Pyrs (especially females) can be particularly neurotic if everything isn't just right they get agitated. I really wish you had researched great pyrs more before you decided to purchase one as these are all instinctual behaviors. It sounds like you need to do two things socialize her with a lot of different visitors and work with her on some basic obedience particularly a strong recall or a leave it command. She needs to see you as a master and not one of the flock working with basic obedience will cement your roll as "herd" leader, and she needs to see that other humans are not a threat and should be barked at but not harmed.

Are you using an underground fence? You mentioned she wears a collar, a lot of times a dog will build up thick skin around the shocking area and the perpetual shocks will damage and numb her nerves. I would recommend using galvanized wire at her nose level and a few inches off the ground and a horse charger with a strong ground. And your electric fence needs to be on at all times. This is one of the biggest mistakes people make with electric fences. Every time an animal touches the fence they are trained to leave it alone, if it is off they will learn that they can challenge it and win.


----------



## Zookeeper (Sep 7, 2006)

It is an underground fence. We have taken the collars off occasionally for a day or two at a time to let the skin rest. Usually when she has gotten out, it has been when she had the collar on. The fence has kept her in fine for the past 2 years or so, except for the past 2-3 months.

We have worked with her on getting used to letting people come over and being okay with it. Now she is not only going after people she doesn't know but also people she has already been okay with in the past :shrug:

We knew about the behaviors to expect...and we thought we had done the right things to work with her, but we don't understand the NEW behaviors and nothing here has really changed...except the getting out. Things were fine for a long time.

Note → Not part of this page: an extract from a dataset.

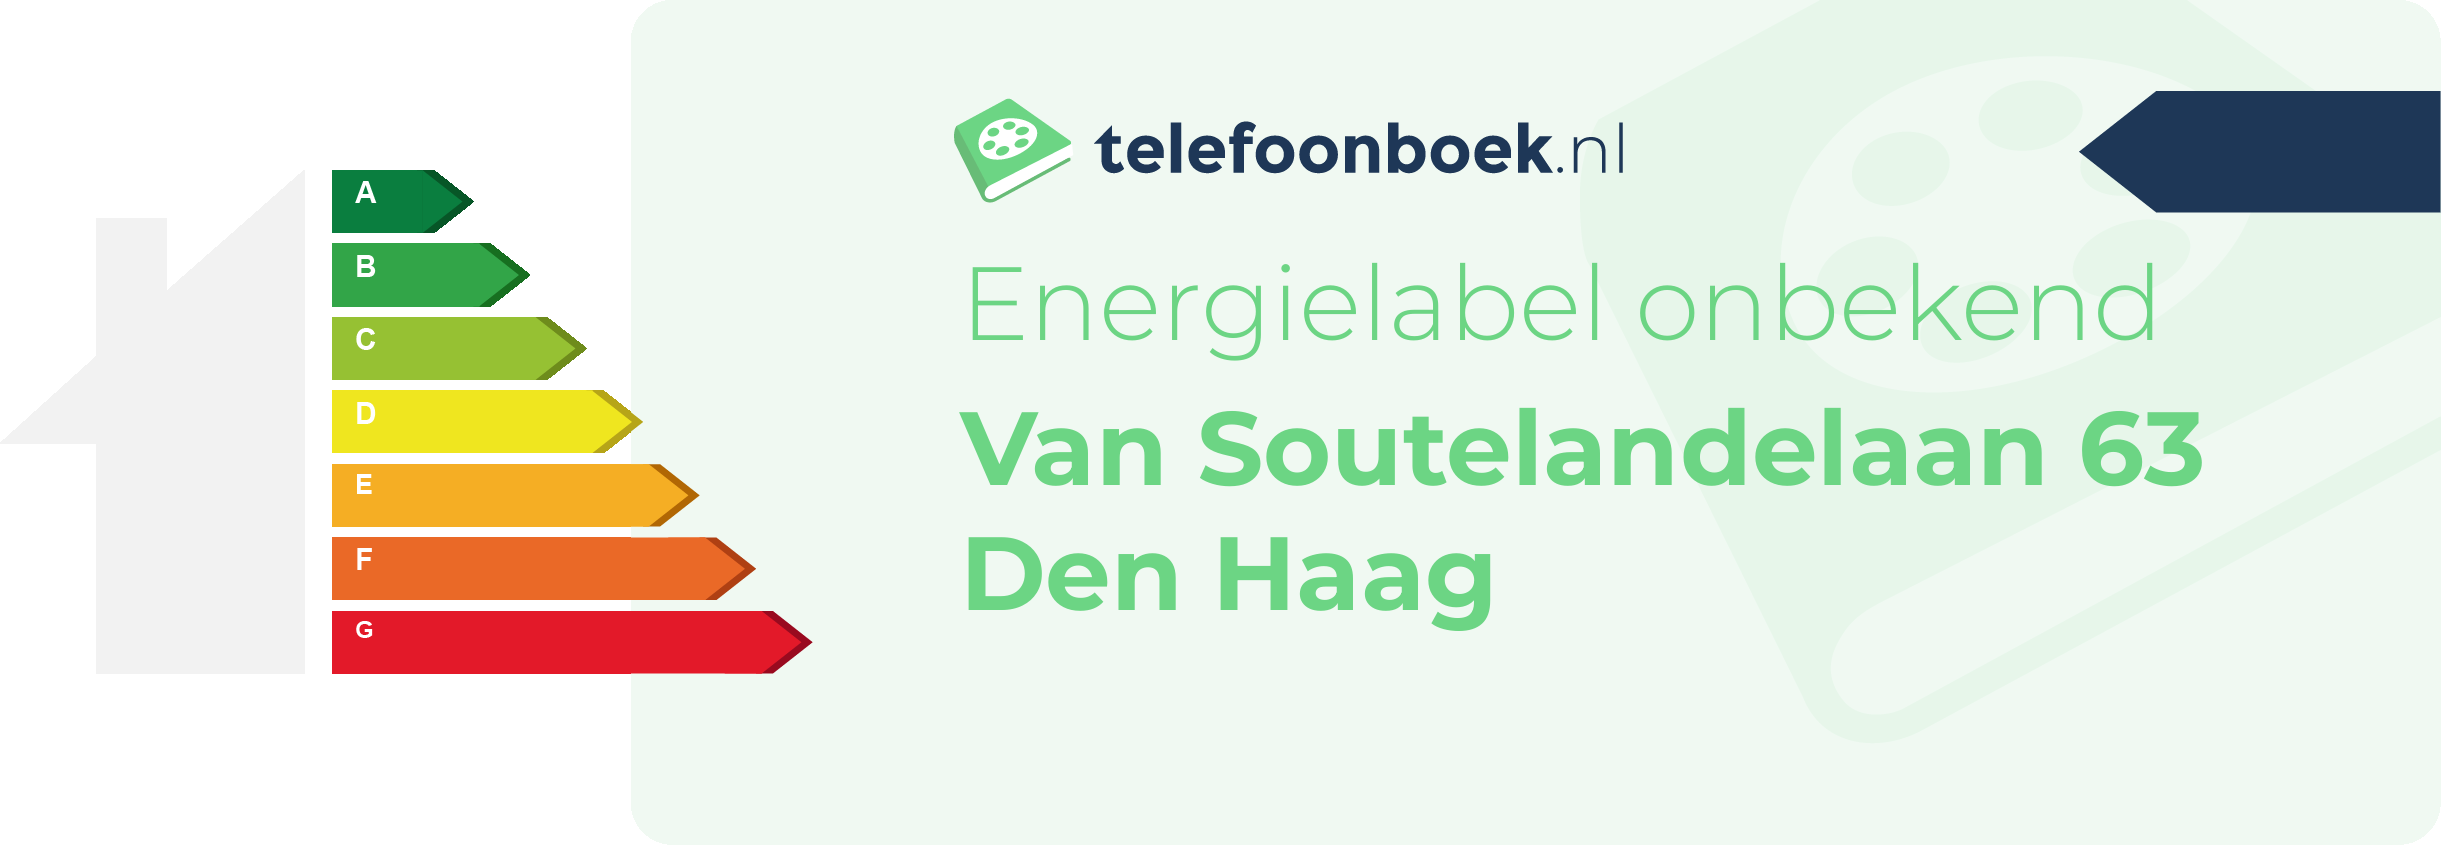 Energielabel Van Soutelandelaan 63 Den Haag

I guess she has gotten out enough that her boundaries have now changed (in her mind) and maybe somehow...her sense of security?? Like a child when they don't have clear "boundaries", either physical or behavioral? I don't know, trying to play dog psychologist 

Thanks for the comments, I will think on what you have said.


----------



## longshadowfarms (Nov 27, 2002)

How old is she? 2-3ish? If so, that is about the age where they really come into their own and start behaving like an adult.


----------



## marvella (Oct 12, 2003)

they can be a challenge as they have a mind of thier own and are convinced that their way is the best way.

in your situation, i say check your fence. mine is terrified of electric wire and i think she can smell it when it's not working right.

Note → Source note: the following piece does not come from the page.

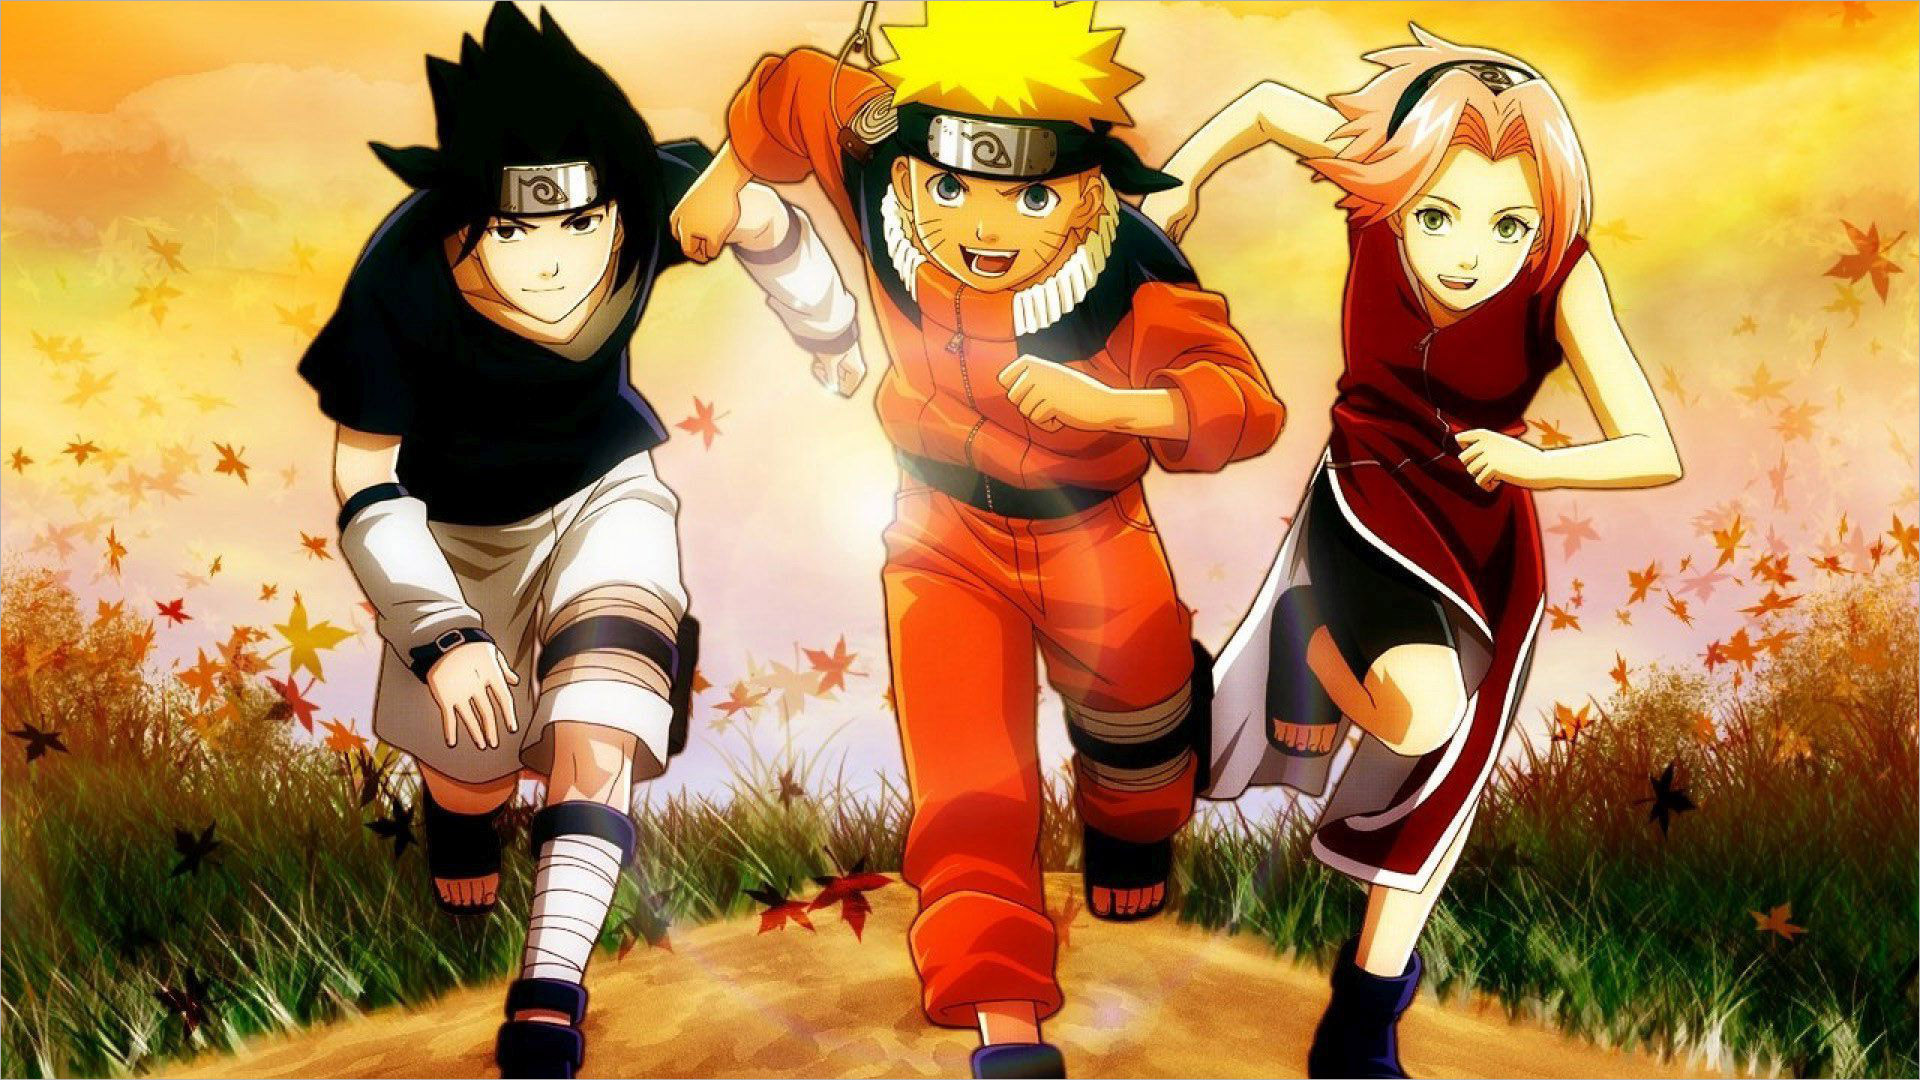 Naruto: Naruto luôn là một thế giới đầy kỳ tích và phiêu lưu. Những cuộc hành trình của Naruto cùng với những người bạn là một trong những trải nghiệm tuyệt vời nhất. Hãy đón xem hình ảnh liên quan để trở lại với thế giới Naruto đầy màu sắc.

i use 4 foot woven wire fence with a hot wire on the top and bottom. when the fence is good and hot (50 mile box) she won't even try to get out.


----------



## thaiblue12 (Feb 14, 2007)

How old is she?
Is she spayed?

Pyrs have wanderlust, more than other LGD breeds. I know you do not have a ton of time to spend with her, but can you once a day leash her and walk your property boundaires, making her heel, sit and etc during the walk? Once you get back to being the pack leader I would take her places, if you feel safer with her wearing a muzzle, then do that. But take her to Petsmart, the feed store and such. People do not have to touch her just be around her not growling or anything.

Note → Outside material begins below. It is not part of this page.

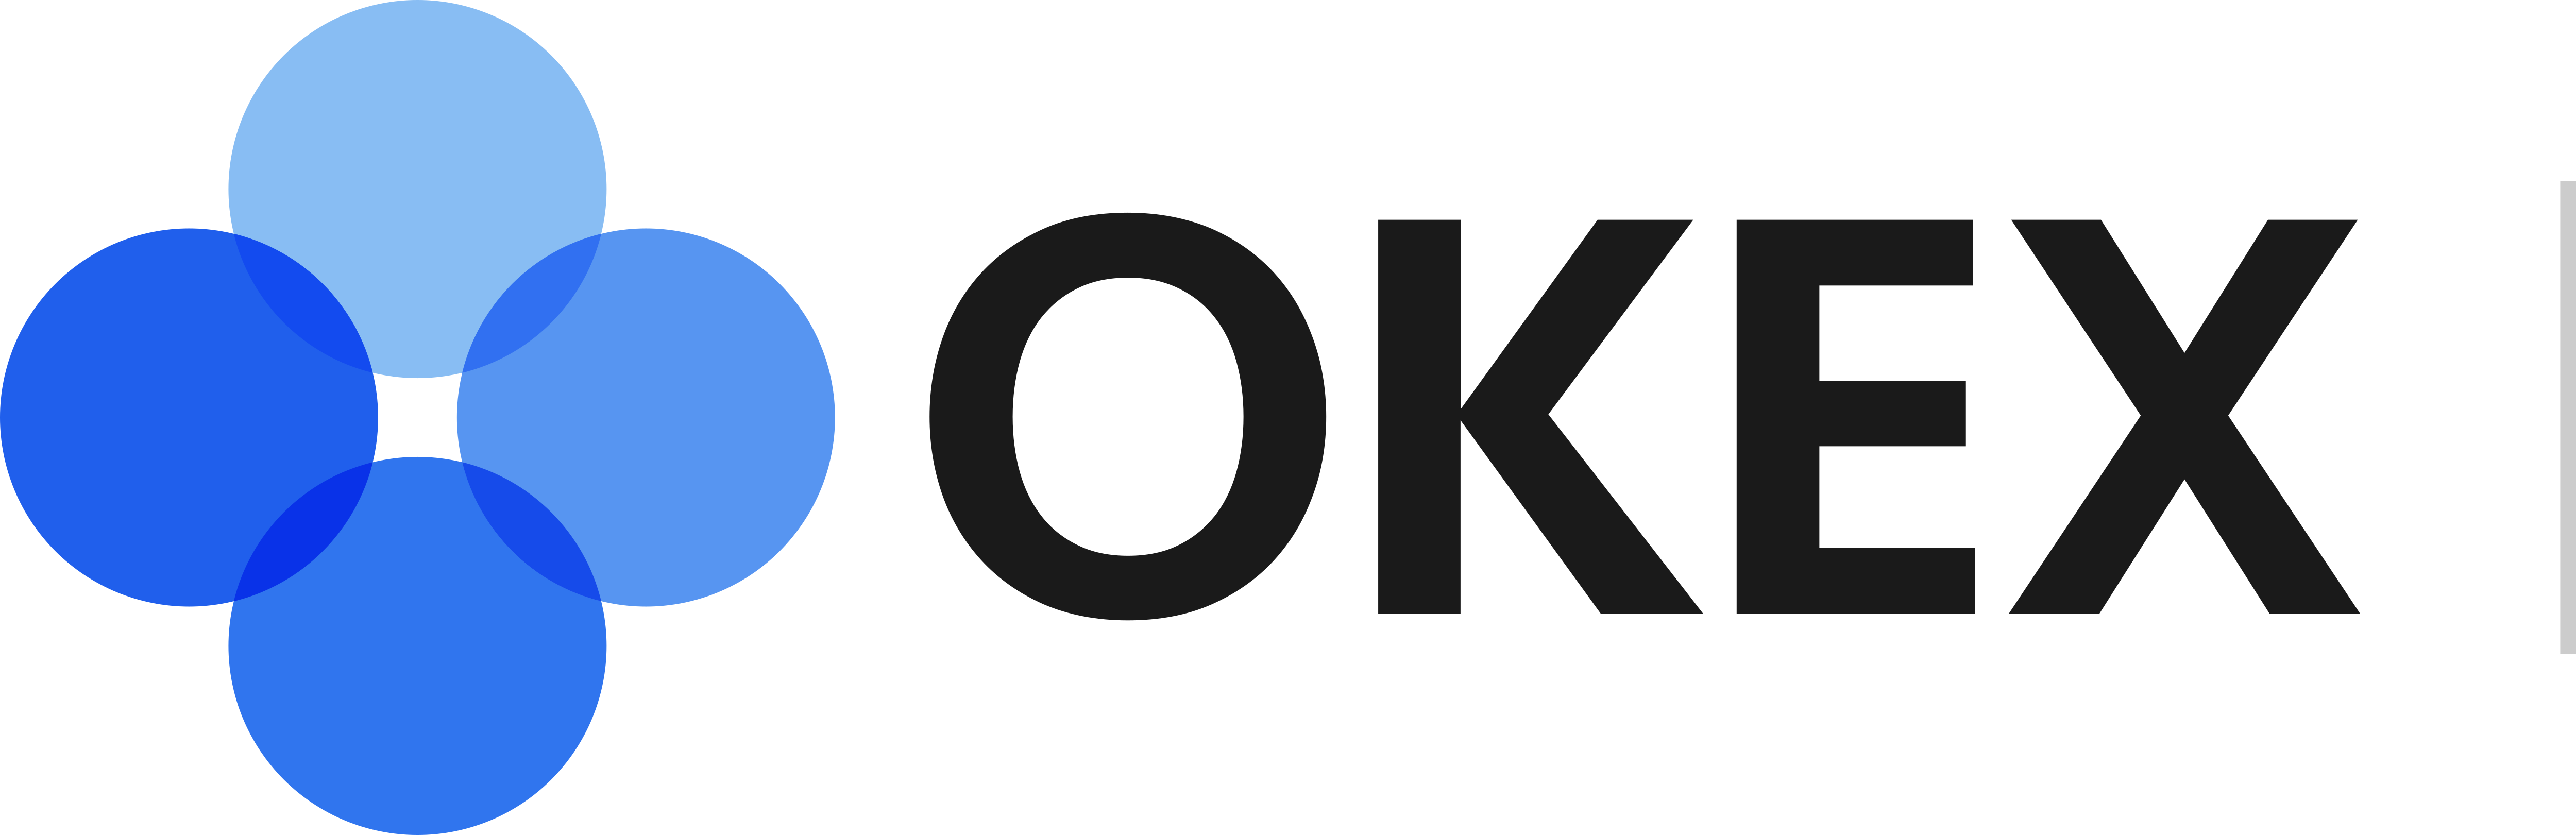 OKEx – Logos Download

I wonder if her wandering has scared people and they have be on the mean side trying to get her away without getting bit.
When people do come over I woulld leash her and correct her each time she showed any aggression toward people. If she behaved in a positive way, have the person toss her a treat. 

Search the net, I know their is an LGD site that has good info, but it is too early for me to recall it


----------



## marvella (Oct 12, 2003)

i don't disagree with what was said, but imo pyrs are livestock, not pets. if you treat them as a pet they are useless for working.


----------



## fishhead (Jul 19, 2006)

I would put a up a good HOT electric fence and then trick her into getting shocked by draping a piece of bacon over the fence.


----------



## MARYDVM (Jun 7, 2004)

Underground fence wires often get corroded over time. You need to test the collar to see if it is firing when it crosses the fence line.


----------



## Bearfootfarm (Jul 13, 2006)

> We have worked with her on getting used to letting people come over and being okay with it. Now she is not only going after people she doesn't know but also people she has already been okay with in the past


She's doing exactly what thousands of years of selective breeding is telling her to do


----------



## HOTW (Jul 3, 2007)

Is her coller prongs getting thru her fur? You may need to trim the hair down. I ahve had to do that before for clients with dogs pushing their luck, usua;lly the closer contact with the skin stops the issue.


----------



## HappyFarmer (Jun 17, 2006)

I highly doubt the invisible fence would be effective, many a dogs with a hard drive have been killed because this type of fence best works for the meek/timid animals. Pyrs are strong minded and sometimes difficult to stop once they get going/riled.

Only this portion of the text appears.